The 2023 MotoGP preseason is over. Exactly two weeks from now, the first race of the World Championship will begin in Portimão with the cards already dealt after the last test session on the Portuguese track: the Ducati are scary, they took 7 of the top 8 positions, with the champion Pecco Bagnaia destroying the clock, Quartararo’s Yamaha is the closest to it… and Marc Márquez with his Honda is still far behind: he closed the test in 14th position.
If the pre-season tests are to be trusted -the only possible reference-, the Ducati should not have too much opposition in the first race of the championship, on March 26. They have started the year as they finished the previous one: being the fastest bike. This winter, they have monopolized the six days of tests: first in Valencia (Luca Marini), in Sepang (Bezzecchi, Martín and Marini), and now in Portimão, with the two days dominated by Bagnaia.
The champion, of the official Ducati, impressed on the last day. He led the time table and smashed the Algarve track record – which was his, from pole position in 2021 – by 7 tenths.
Although, to tell the truth, up to 12 pilots exceeded that reference time. From Bagnaia to the Aprilias of Espargaró (10th), Oliveira (11th) and Viñales (12th). Symptomatically, they were left without lowering him from the Honda -Joan Mir 13th and Marc Márquez, 14th- backwards.
At Honda they trusted that the last two days of testing would serve to analyze new adjustments and parts that would bring the winged motorcycle closer to its Italian competitors. Marc Márquez was testing “great things” on the first day and on the second, the tires for the race on the 26th, he made only one time attack that provisionally brought him closer to 9th place (0.6s behind Bagnaia), but as soon as the Ducatis put on the softest compounds, Marc dropped back to 14th place, 8 tenths behind the Italian.

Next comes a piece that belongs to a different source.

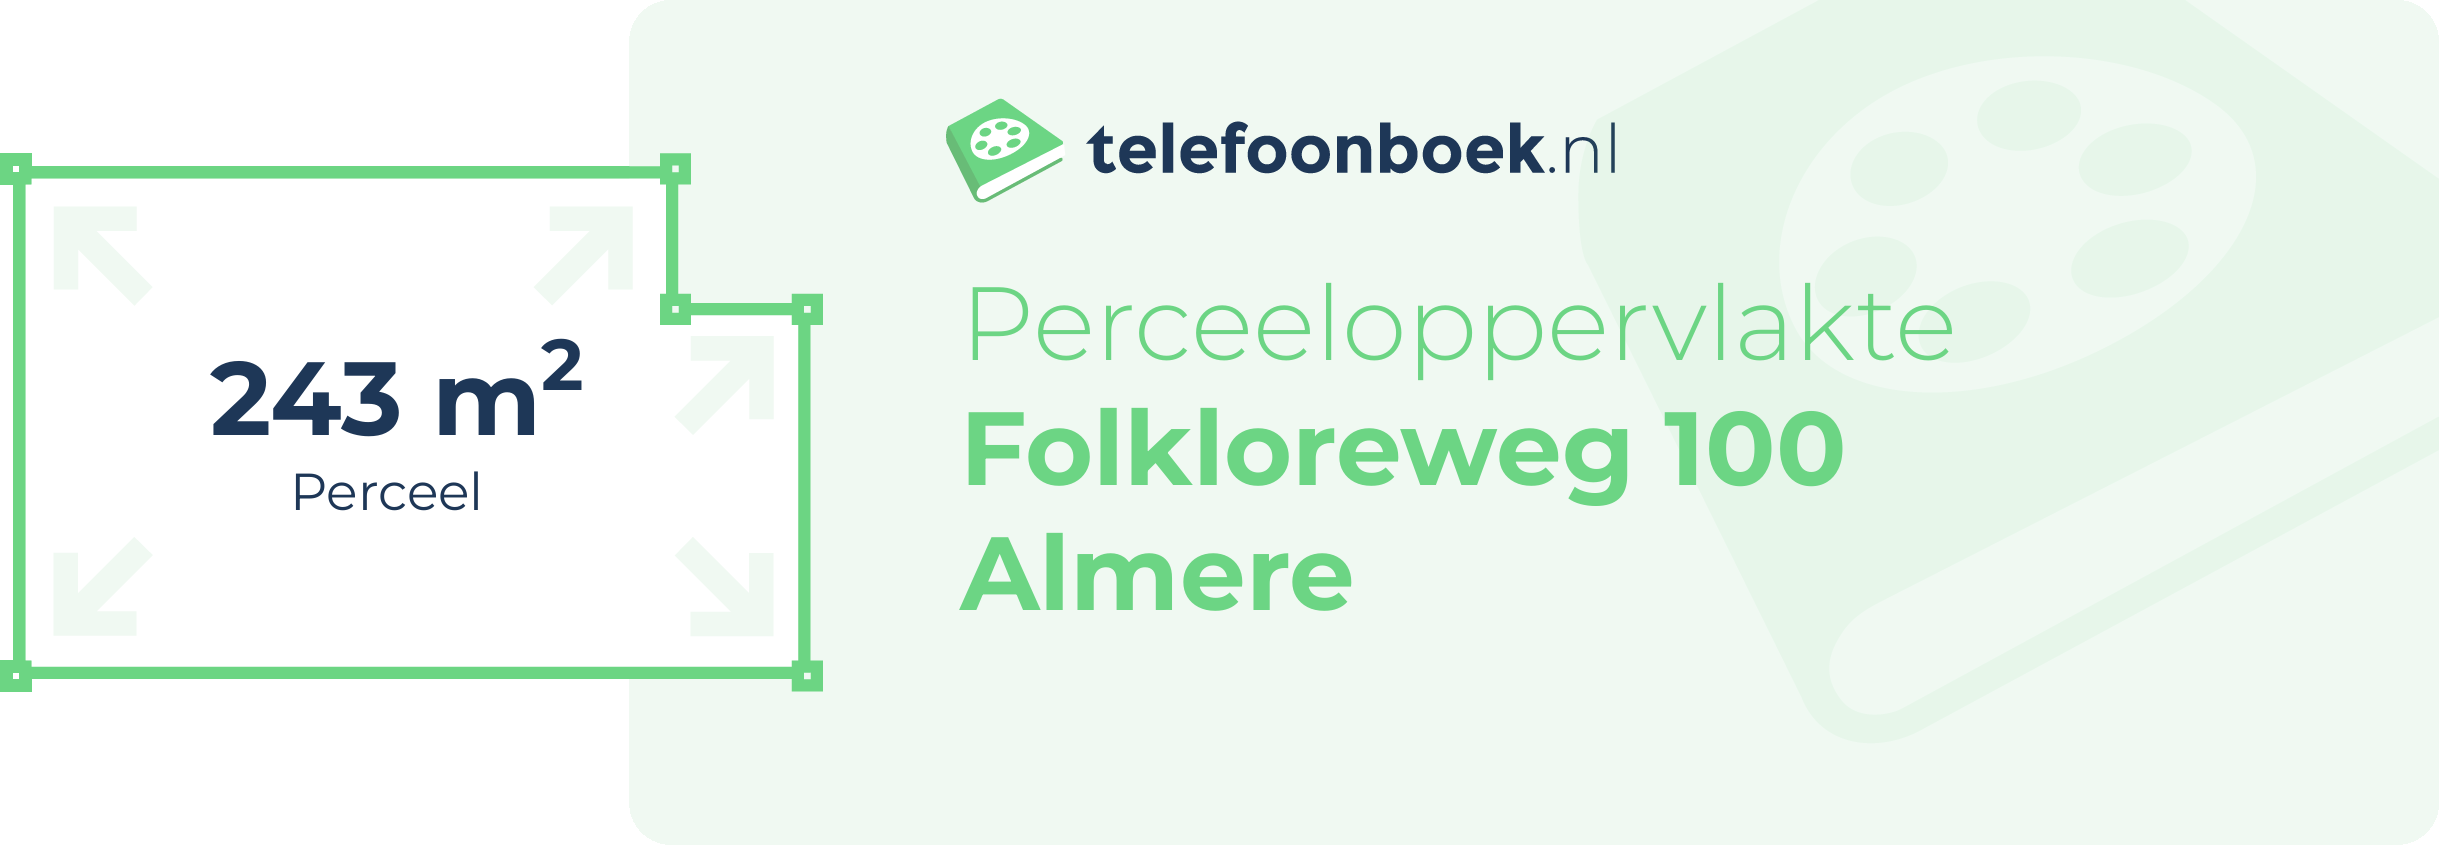 Perceeloppervlakte Folkloreweg 100 Almere

At least, the Catalan was able to get closer to Bagnaia from one day to the next, from 1s3 (19th on the first day) to 0s8 (14th), that is, five tenths, half a second less. Although, compared to Sepang just a month ago, the progress is not seen too much: Marc in Malaysia was 10th, 7 tenths behind Luca Marini.
Analyzing his times in long runs in the last test in Portugal, the 93 is not so far in pace with Bagnaia: he rode a run of 11 consecutive laps (a simulation of a Sprint race) with a more or less constant pace in a low 1m39s, while that Bagnaia completed two long runs (of 12 laps) with most laps in 1m38s and low 1m39s.